Neu H C
Am J Med. 1985 Jun 28;78(6B):17-22. doi: 10.1016/0002-9343(85)90358-4.
Perusal of the various journals devoted to antimicrobial agents and to the chemotherapy of infectious diseases reveals an increasing number of articles devoted to the analysis of the pharmacology of antimicrobial agents and the relationships of antimicrobial activity and pharmacologic properties. However, most attention to the pharmacokinetic properties of antimicrobial agents in the past decade has focused on the toxic properties of these agents, and there has been little work devoted to improving methods of administration. The availability of nontoxic antibiotics that are extremely active at low concentrations and of agents with markedly extended half-lives should cause us to reevaluate some of our current dosing practices. In many ways, a major adverse influence on appropriate antimicrobial therapy of ordinary infections has been the febrile neutropenic patient. Lessons learned from the care of these patients are inappropriately applied to the treatment of other patients. The neutropenic patient requires frequent administration of antibiotics at maximally tolerated doses. Many patients at risk for infection do not require antimicrobial therapeutic programs in which the antibiotic always exceeds the minimal inhibitory concentration.
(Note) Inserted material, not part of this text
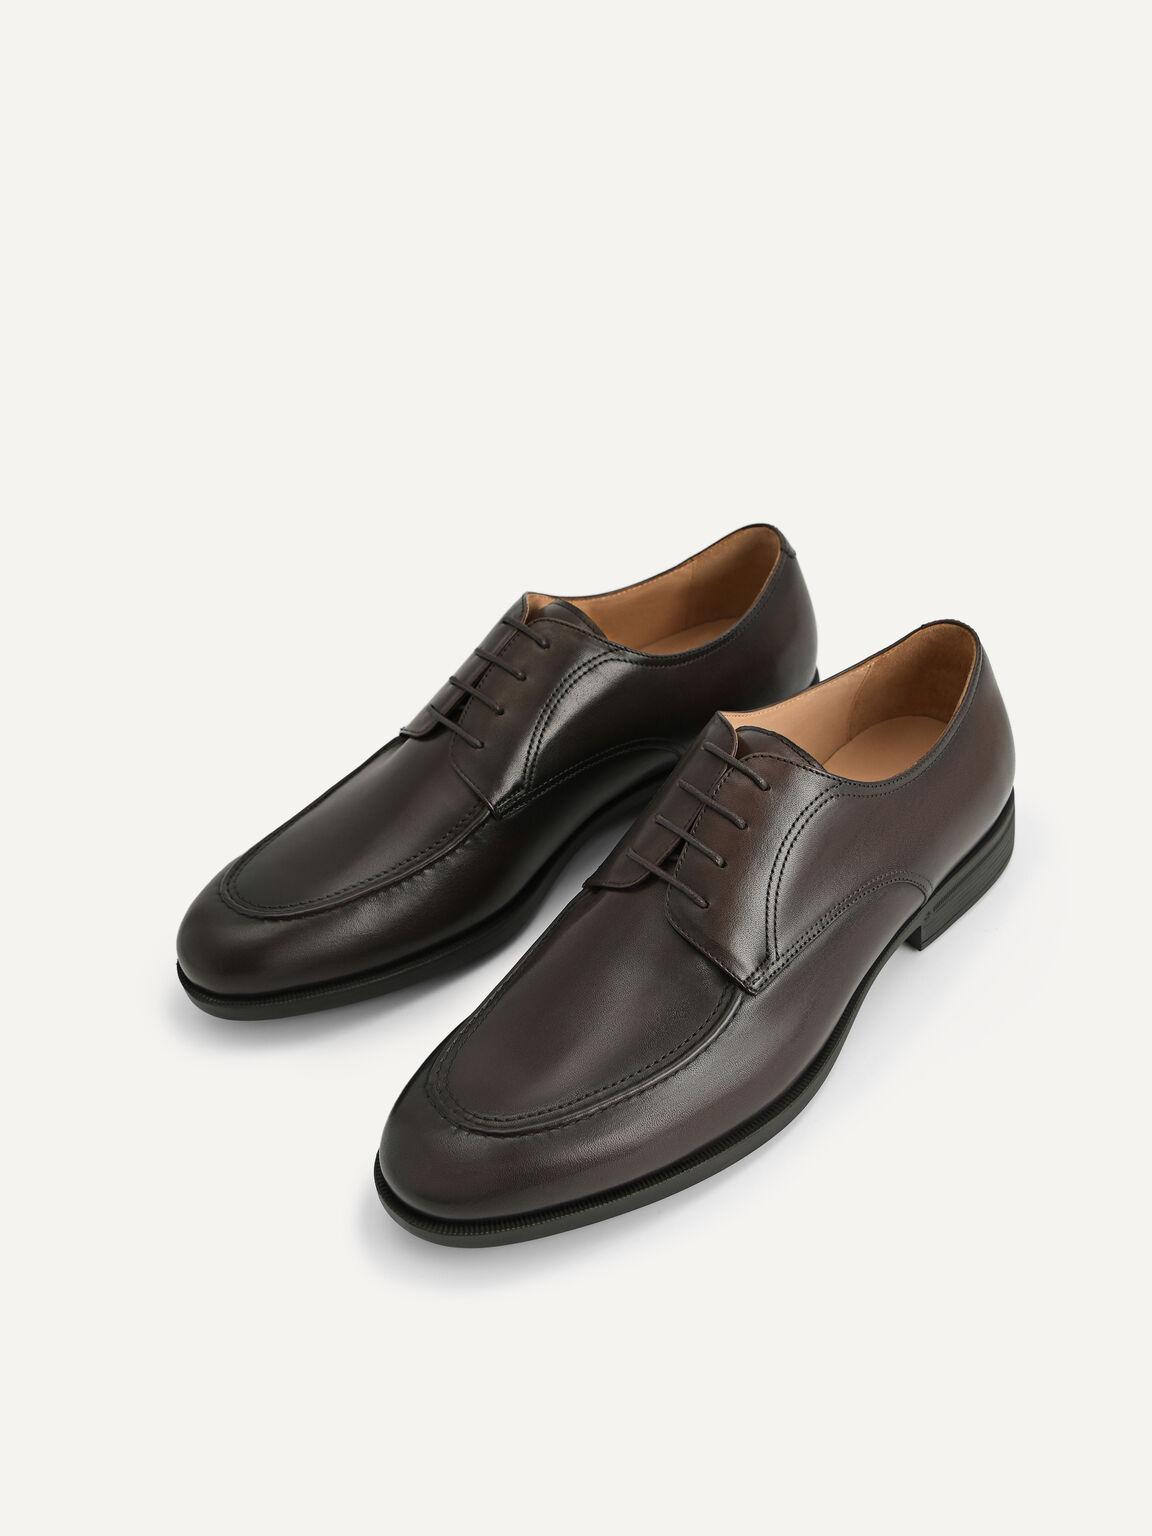 Altitude Leather Derby Shoes, Dark Brown, hi-res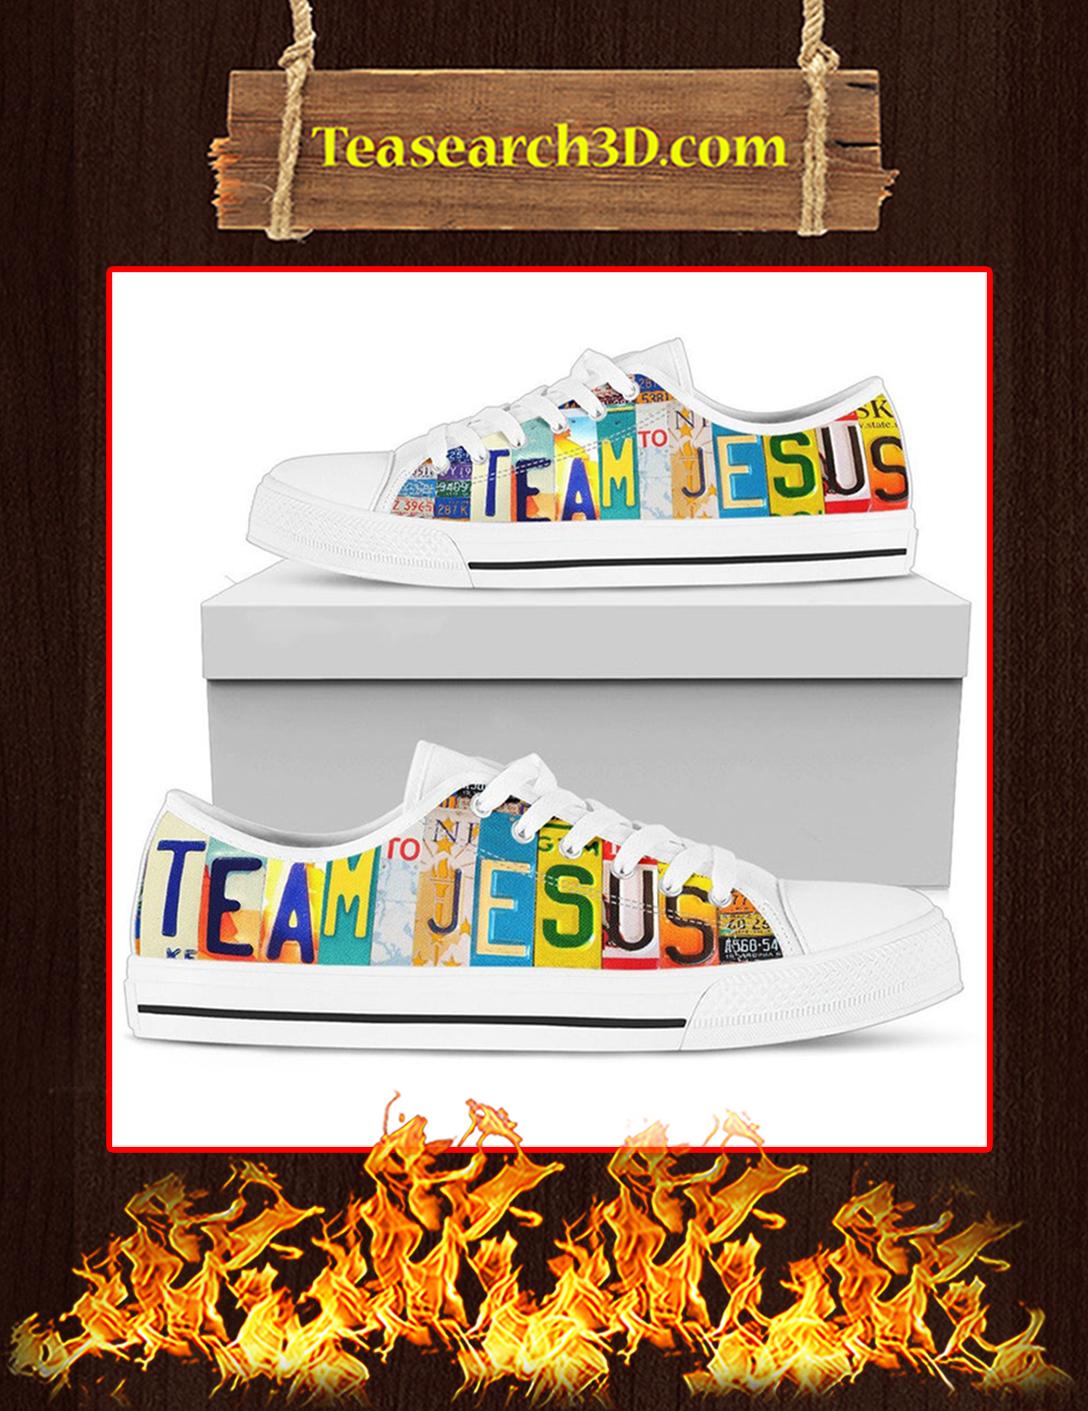 Team Jesus Low Top Shoes - Pic 2

Indeed, the concept that the drug must be present in the serum well above the minimal inhibitory concentration for the entire interval of infection is derived from studies of neutropenic patients infected with Pseudomonas aeruginosa. Increasing resistance of hospital-acquired bacteria to older antibacterial agents will alter the initial and subsequent selection of antimicrobial agent. Combination drug therapy, which has a prominent role in the neutropenic patient, frequently results in greater cost to the health care system than is seen with single agents that are active against resistant bacteria. There are clear areas in which new antibacterial agents will be beneficial. We may be at a stage in which use of the older agents can no longer be viewed as the best clinically and economically. Better use of twice- or once-daily dosing programs of new agents coupled with use of intramuscular and oral administration of antibiotics can help reduce nosocomial infections that contribute to rising health costs.
翻阅各种专门论述抗菌药物及传染病化疗的期刊可以发现,致力于分析抗菌药物药理学以及抗菌活性与药理特性之间关系的文章越来越多。然而,在过去十年里,对抗菌药物药代动力学特性的关注大多集中在这些药物的毒性方面,而致力于改进给药方法的研究却很少。低浓度时活性极高的无毒抗生素以及半衰期显著延长的药物的出现,应该促使我们重新评估目前的一些给药做法。在许多方面,发热性中性粒细胞减少患者对普通感染的适当抗菌治疗产生了重大不利影响。从这些患者的护理中吸取的经验教训被不适当地应用于其他患者的治疗。中性粒细胞减少患者需要以最大耐受剂量频繁使用抗生素。许多有感染风险的患者并不需要抗菌治疗方案中抗生素总是超过最低抑菌浓度。事实上,药物必须在整个感染期间血清中浓度远高于最低抑菌浓度的这一概念,源自对感染铜绿假单胞菌的中性粒细胞减少患者的研究。医院获得性细菌对较老抗菌药物的耐药性不断增加,将改变抗菌药物的初始选择和后续选择。联合药物治疗在中性粒细胞减少患者中发挥着重要作用,但与对耐药菌有活性的单一药物相比,往往会给医疗保健系统带来更高的成本。在一些明确的领域,新型抗菌药物将大有裨益。我们可能正处于一个阶段,即使用较老的药物在临床和经济上已不再被视为最佳选择。更好地利用新型药物的每日两次或一次给药方案,再结合肌肉注射和口服抗生素的使用,有助于减少导致医疗成本上升的医院感染。